As if to prepare us Martinu dubbed his last quartet Concerto da Camera.
The Poco allegro rattles stridently along flooded with melodic riches
as well as with impatience. It is only in this recording set down at the
Domovina Studio that I heard the intake of breath of one of the players.
The quartet is given in red-blooded style and this can be heard in to good
effect in the Mozartian buzzing of the allegro vivo.

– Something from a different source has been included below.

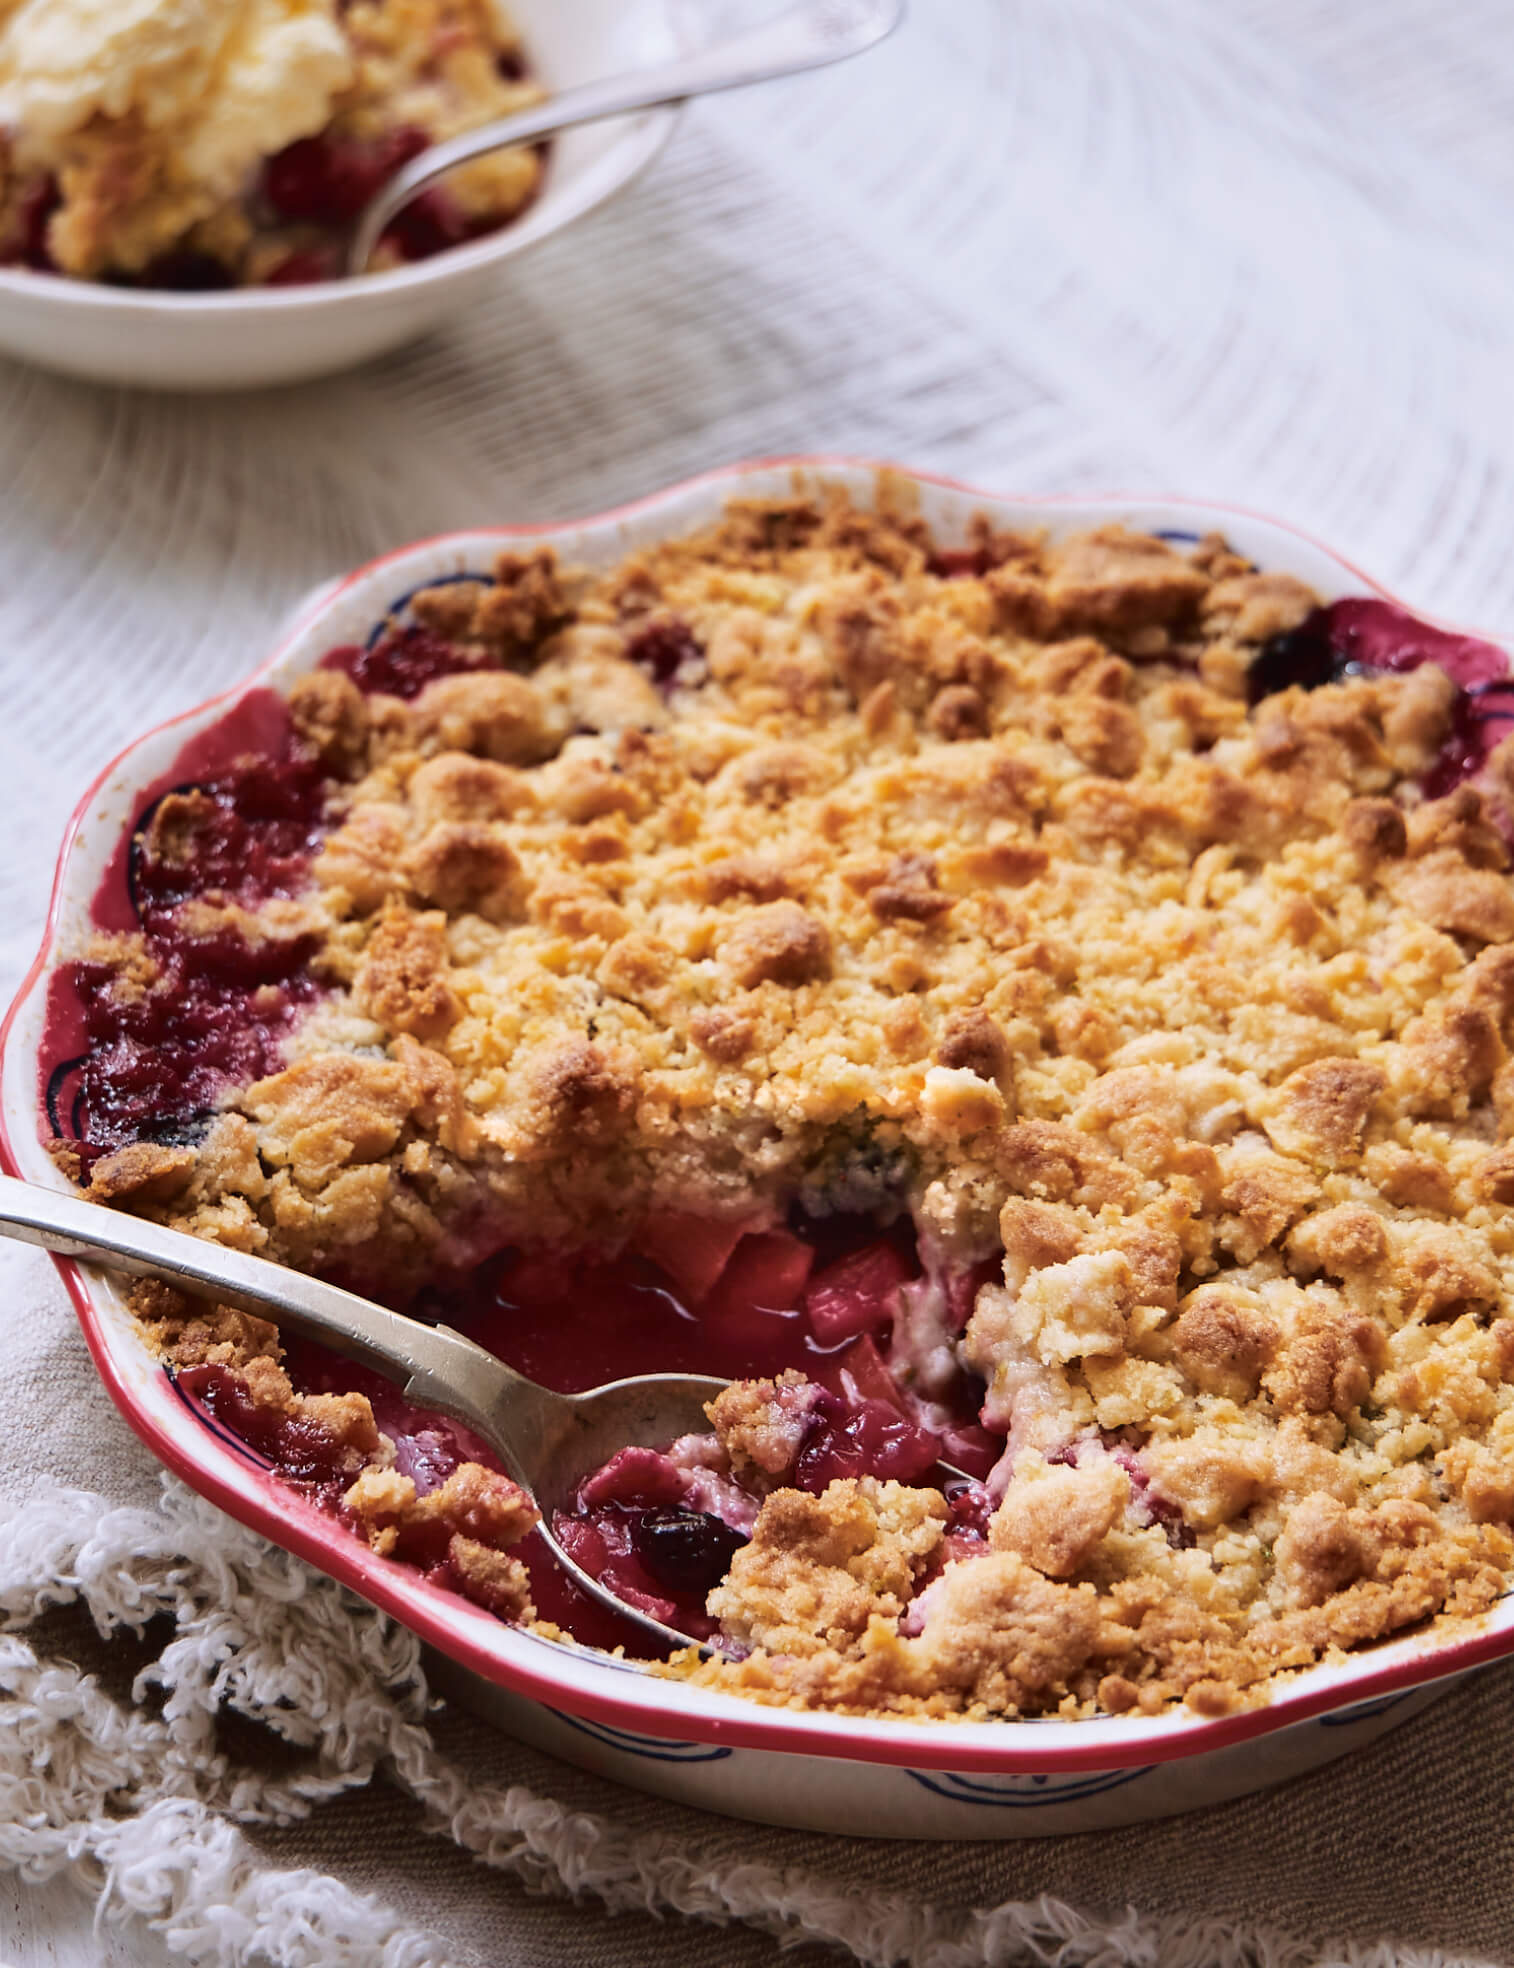 A rhubarb crumble with one serving in a white bowl on white linen

Hearing these quartets in a relatively concentrated series of listening sessions
reveals how little there is of Parisian desiccation in Martinu 's quartet
writing. The earliest Martinu is poignantly nostalgic while the other Parisian
quartets are by no means the neo-classical deserts I had feared. Martinu
's ripe invention lit up by his homesickness for his Czech homeland infuses
even the comparative aridity of the Parisian 'exile'. It bears eloquent witness
in the Andante of No. 7 - a movement which achieved a life of its
own. Was this one of his farewells, I wonder, to the composer, Vitezslava
Kaprálová, who was his pupil in Paris and who had died at the
end of the 1930s. Certainly it brims with deep feelings.
Of all the works I recommend numbers 1, 5 and 7: 1 for its pastoral reveries
and songs; number 5 for the throwing down of a psychological gauntlet; 7
for its lovely andante.
There is no trace of distortion and analogue hiss is hardly discernible at
all - a tribute to the Supraphon engineers who presided over the original
sessions in four different venues in Prague. The tone of the players is agreeable
at all times save in the Seventh Quartet where the problem may well be with
the acoustic rather than with the players.
The competition for complete sets is unsatisfactory. The Bayer set seems
no longer to be available. I have not heard the budget Naxos series but in
any event it is not yet complete.
For impassioned performances I recommend this set very strongly.